Studio album by Aim
- Released: 26 February 2002
- Studios: Speed Limit Studios; Grand Central Studios (Manchester, England); Unique Studios (New York, New York); Stephen Jones' house;
- Genres: Hip hop; trip hop; electronica;
- Length: 60:14
- Label: Grand Central
- Producer: Aim

Aim chronology
| Cold Water Music (1999) | Hinterland (2002) | Stars on 33 (2002) |

= Hinterland (Aim album) =

Hinterland is the second studio album by British musician Aim, released on 26 February 2002 by Grand Central Records.

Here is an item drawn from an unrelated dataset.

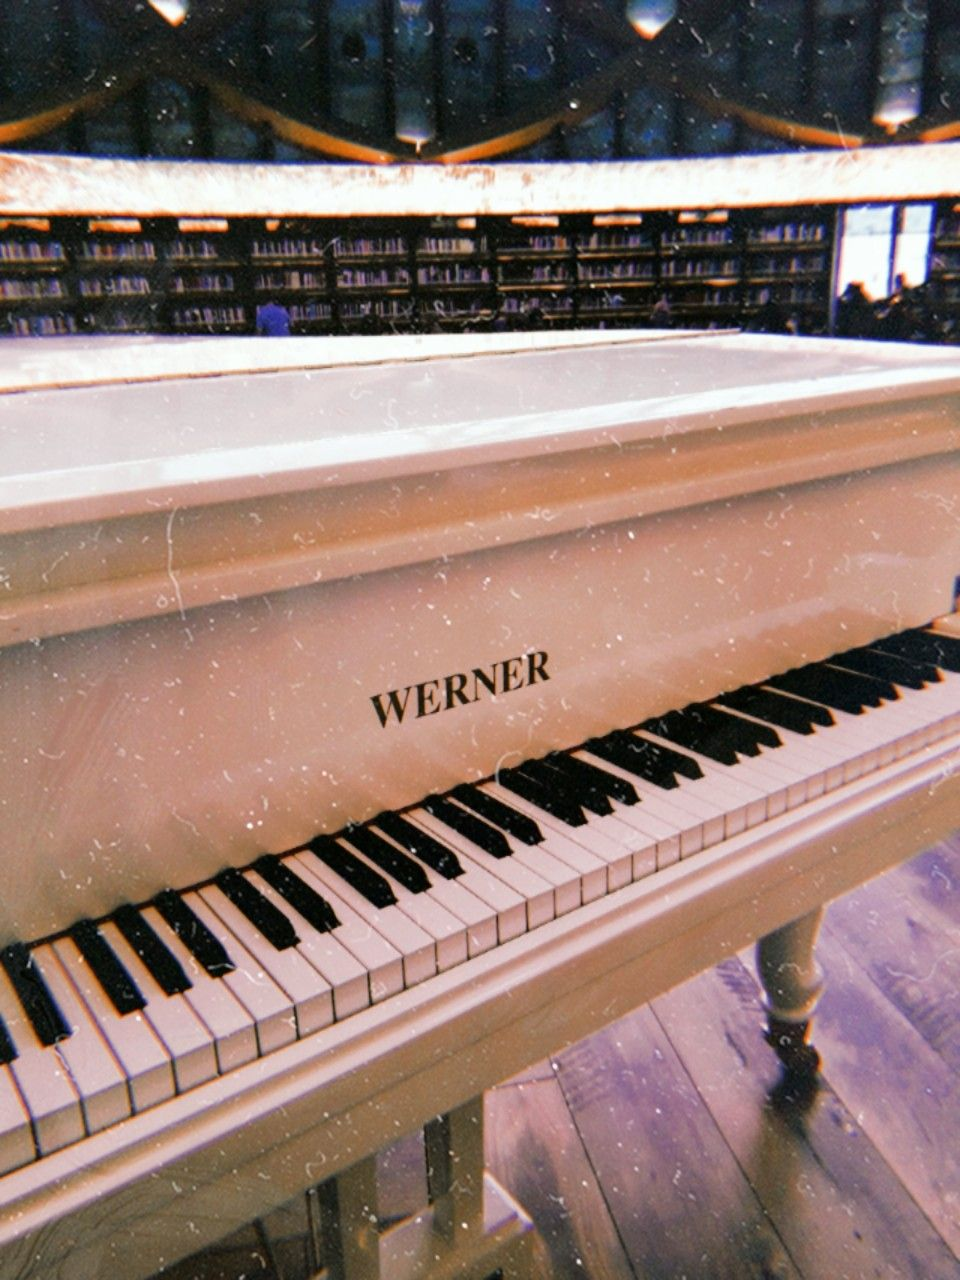 Pin By Meribumia On Aesthetic Piano Music Piano Music Aesthetic
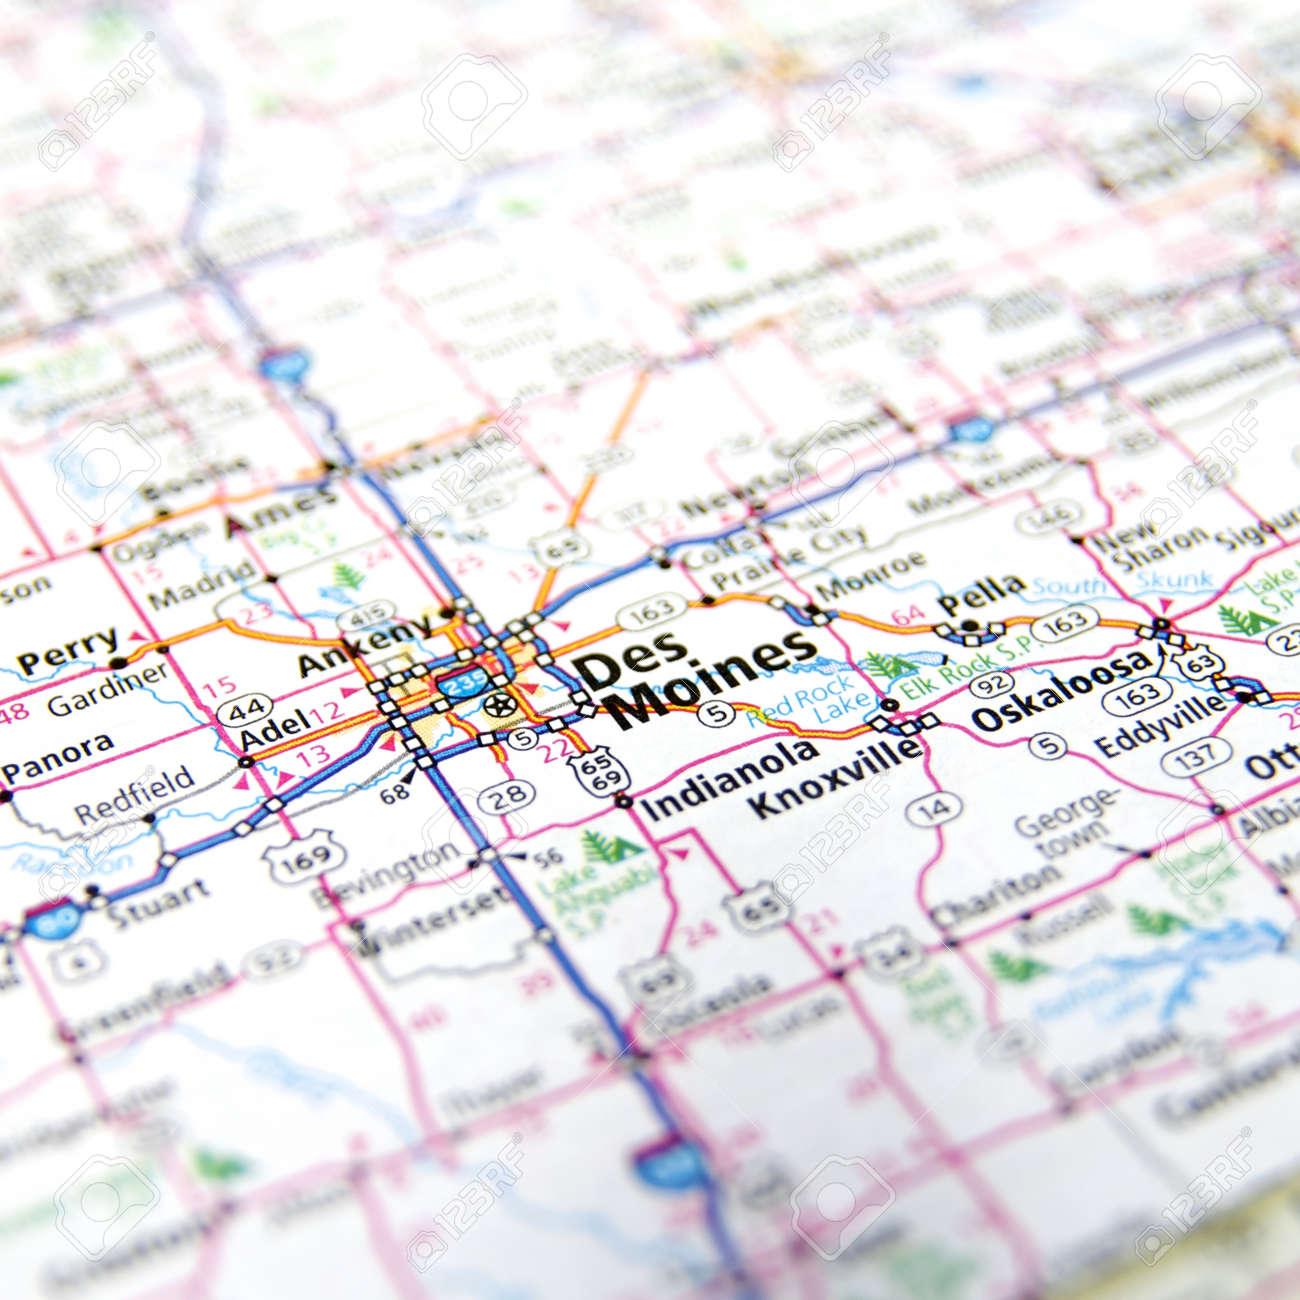 Close-Up map of Des Moines, Iowa

The album spent one week on the UK Albums Chart at number 47.

Professional ratings
Review scores
| Source | Rating |
| AllMusic | Star |
| Drowned in Sound | 9/10 |
| Entertainment Weekly | B |
| The Guardian | Star |
| Muzik | 4/5 |
| NME | 8/10 |
| Q | Star |
| Resident Advisor | 5/5 |

==Track listing==

| No. | Title | Length |
|---|---|---|
| 1. | "Intro" | 1:15 |
| 2. | "The Girl Who Fell Through the Ice" (featuring Kate Rogers) | 6:17 |
| 3. | "What Do People Do All Day" | 5:15 |
| 4. | "No Restriction" (featuring Souls of Mischief) | 4:05 |
| 5. | "Fall Break" | 4:45 |
| 6. | "Guimar" | 4:18 |
| 7. | "Good Disease" (featuring Stephen Jones) | 4:23 |
| 8. | "The Omen" (featuring Diamond D) | 4:48 |
| 9. | "Linctus" | 5:06 |
| 10. | "Vipco" | 5:30 |
| 11. | "A Twilight Zone" | 3:19 |
| 12. | "From a Seaside Town" | 5:59 |
| 13. | "Hinterland" | 5:14 |
| Total length: |  | 60:14 |

2007 ATIC Records re-issue bonus tracks
| No. | Title | Length |
|---|---|---|
| 14. | "Mag" | 4:02 |
| 15. | "Peru" | 3:54 |
| 16. | "Nightlife" (featuring Substantial) | 3:59 |
| Total length: |  | 72:09 |

==Personnel==
Credits for Hinterland adapted from album liner notes.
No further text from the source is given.